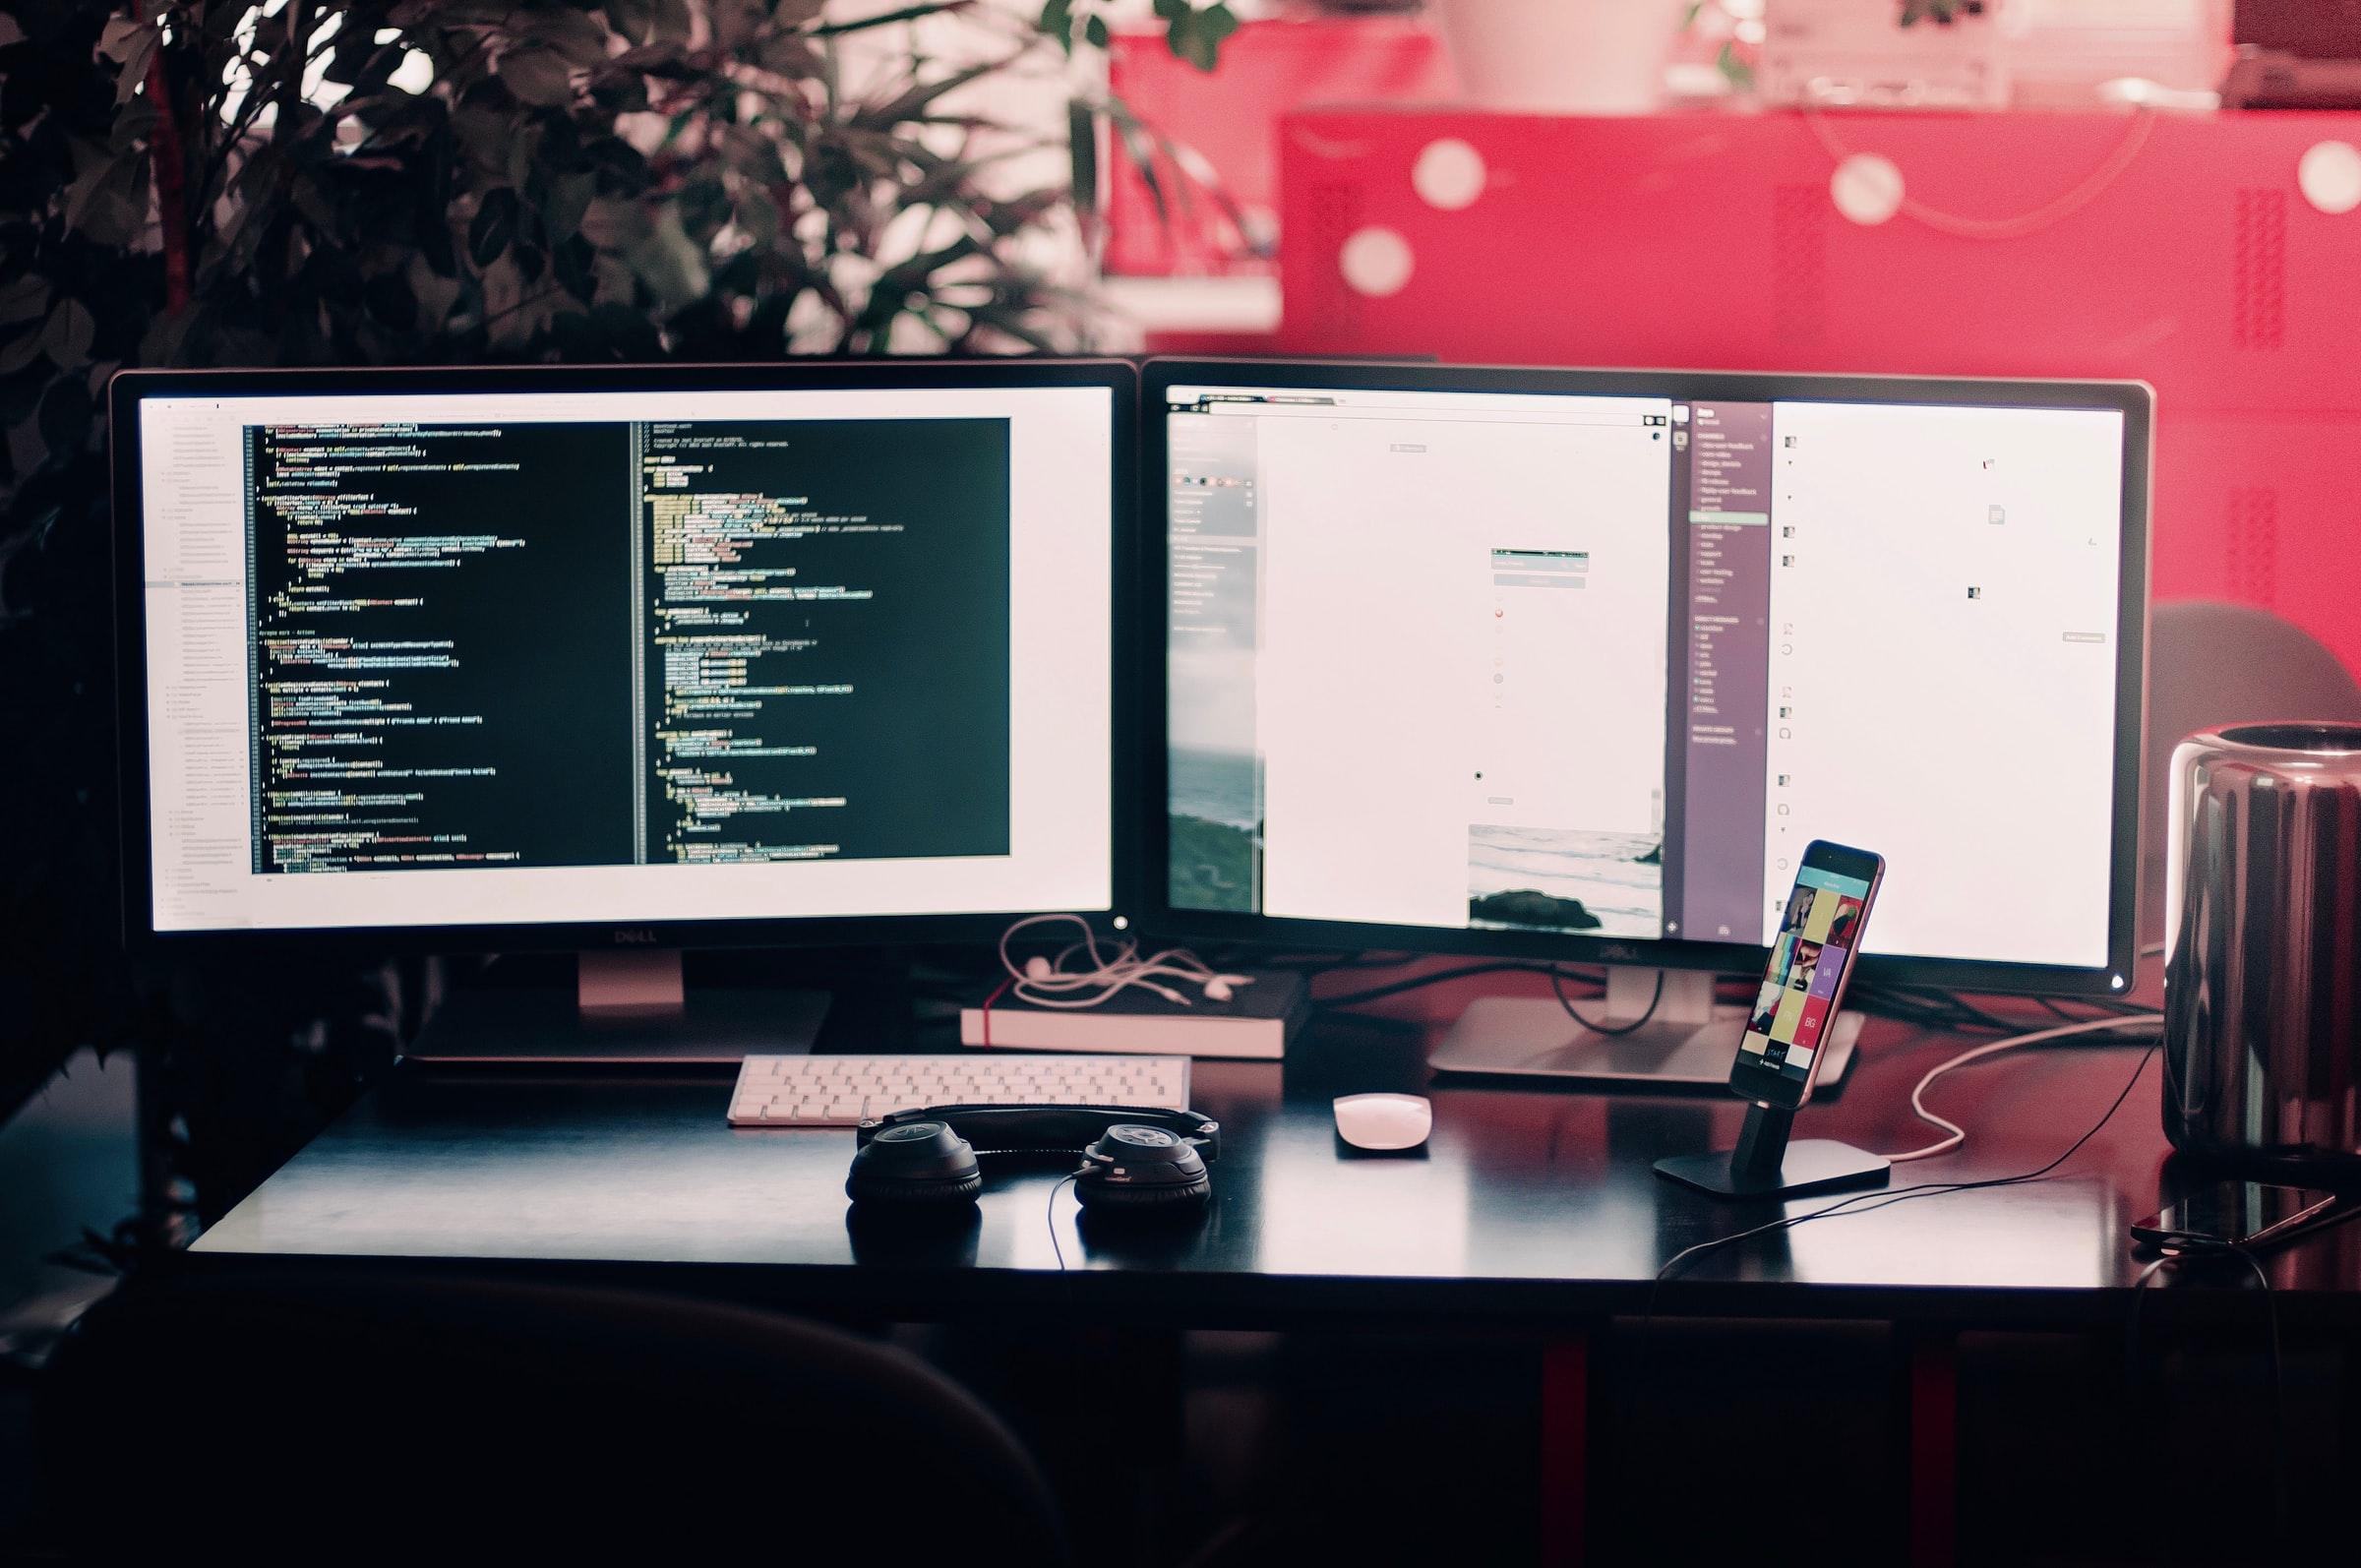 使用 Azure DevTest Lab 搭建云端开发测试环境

* * *

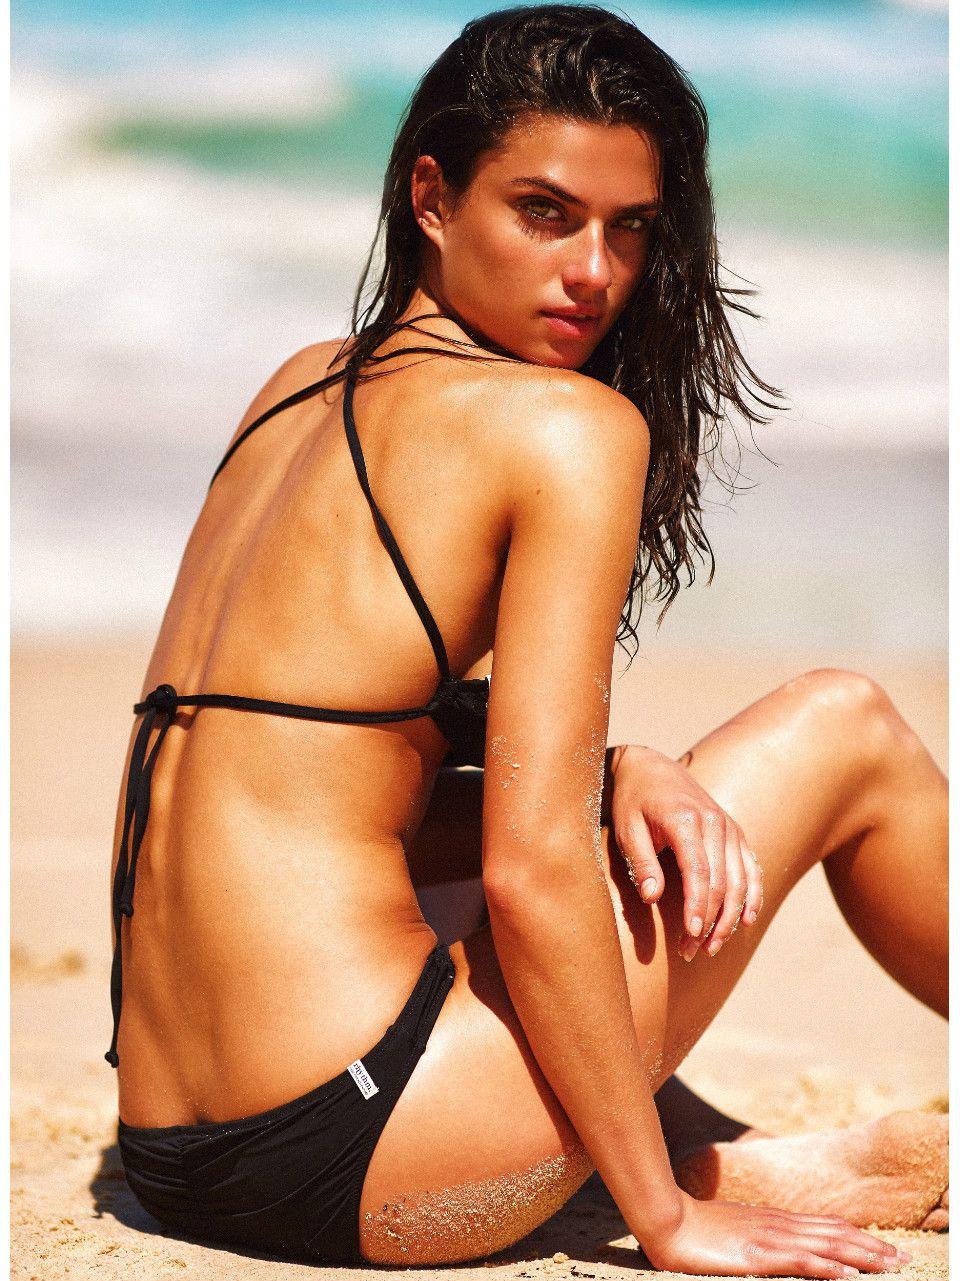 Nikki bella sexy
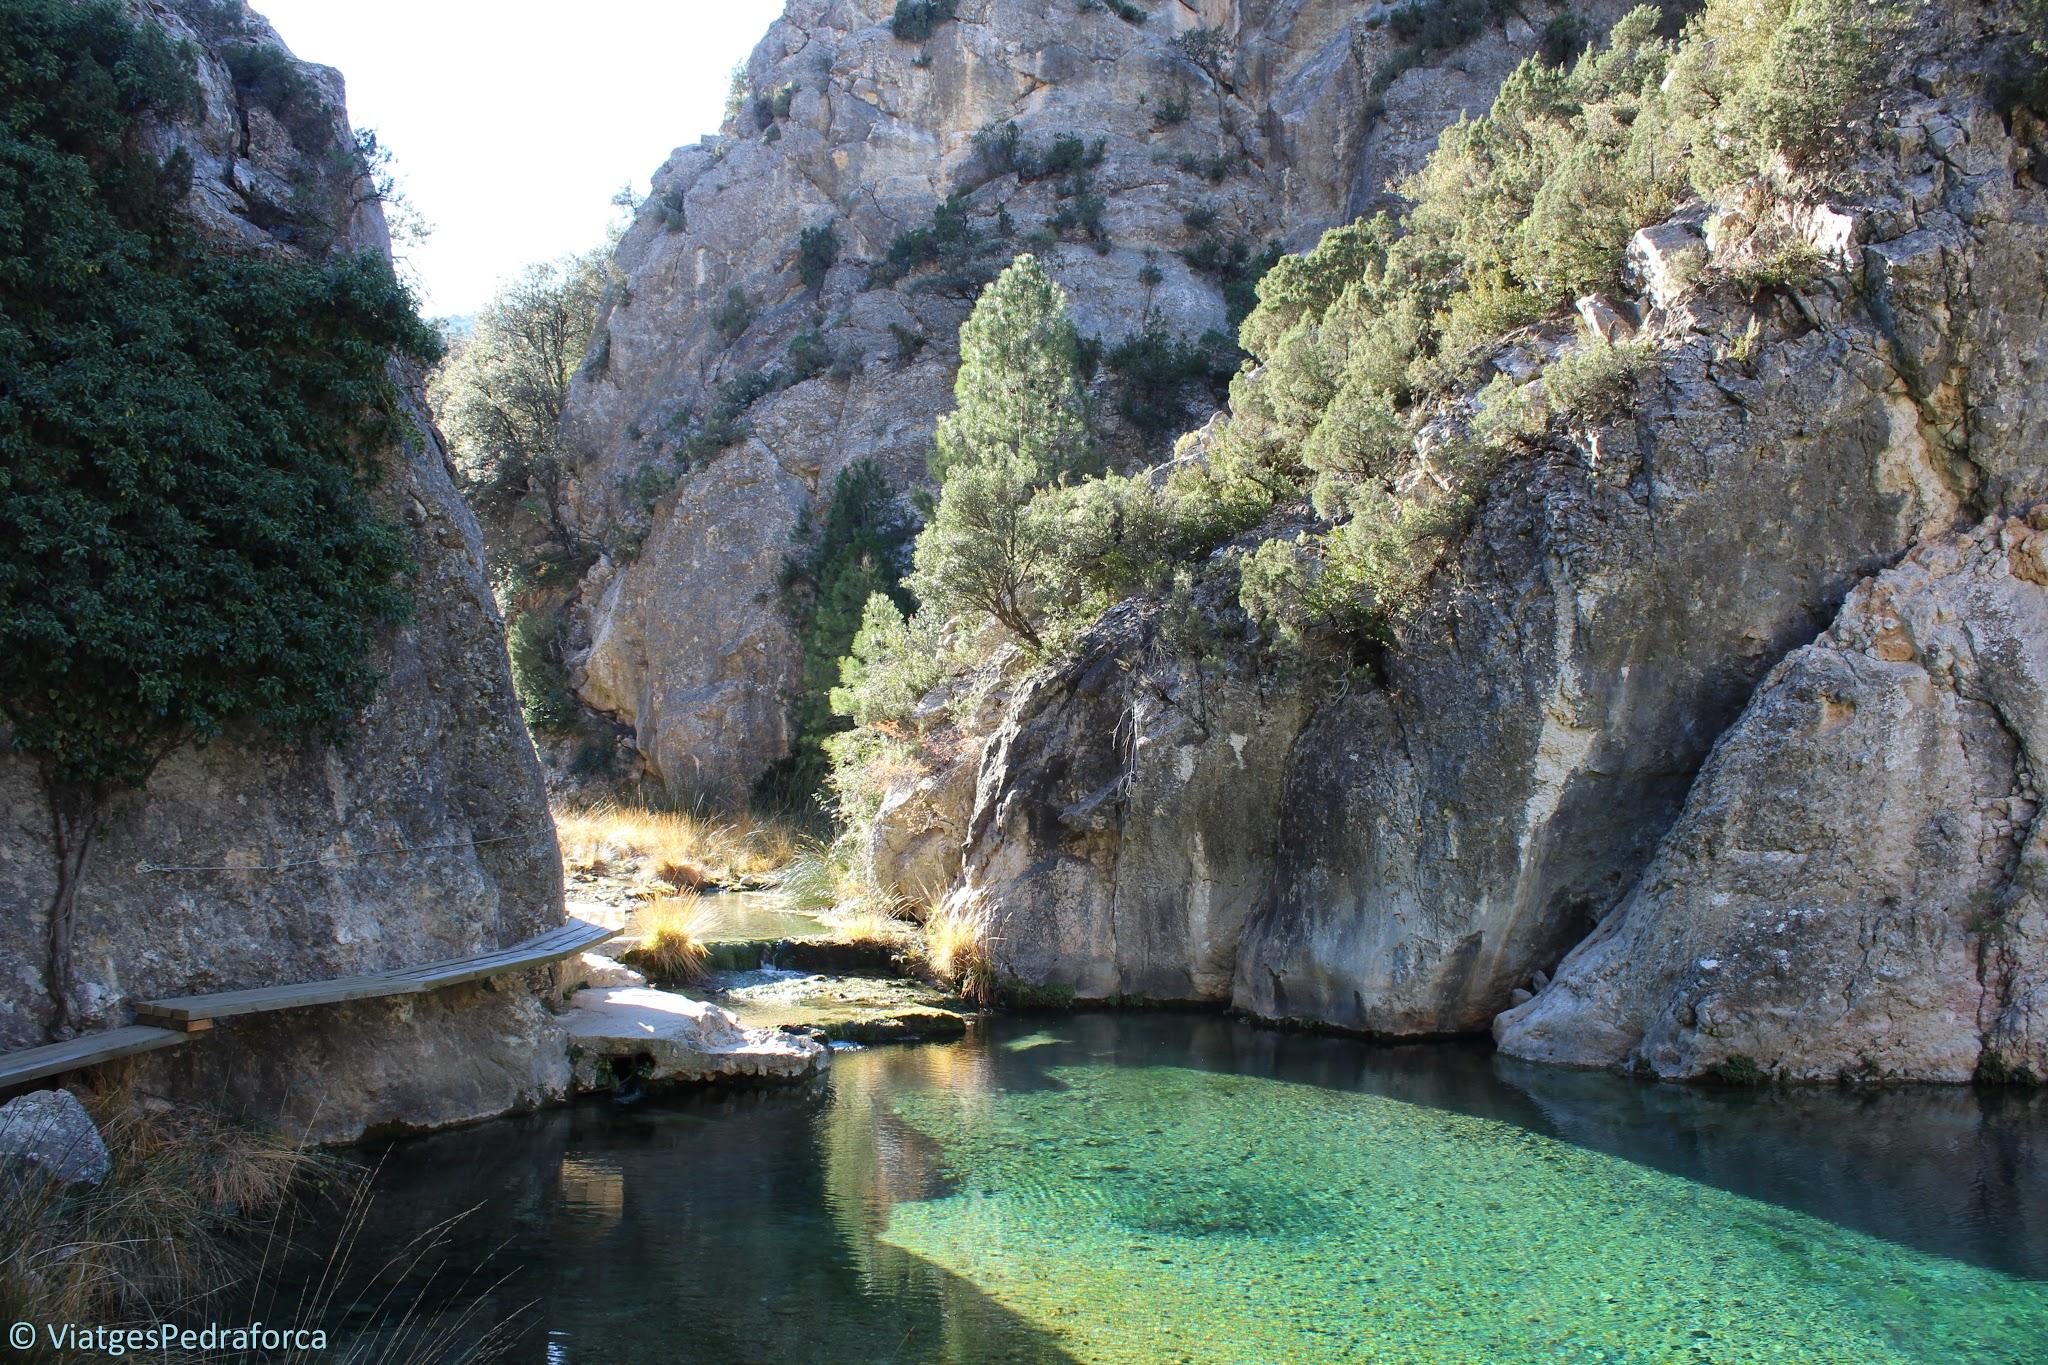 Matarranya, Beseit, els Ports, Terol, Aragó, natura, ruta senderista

--- TASK DETAILS ---
Output exactly the lines of the listing above that start with the one holding "Nikki bella sexy" and go on through the one holding "Matarranya, Beseit, els"; leave the pictures out.

--- TASK SOLUTION ---
 Nikki bella sexy
 Matarranya, Beseit, els Ports, Terol, Aragó, natura, ruta senderista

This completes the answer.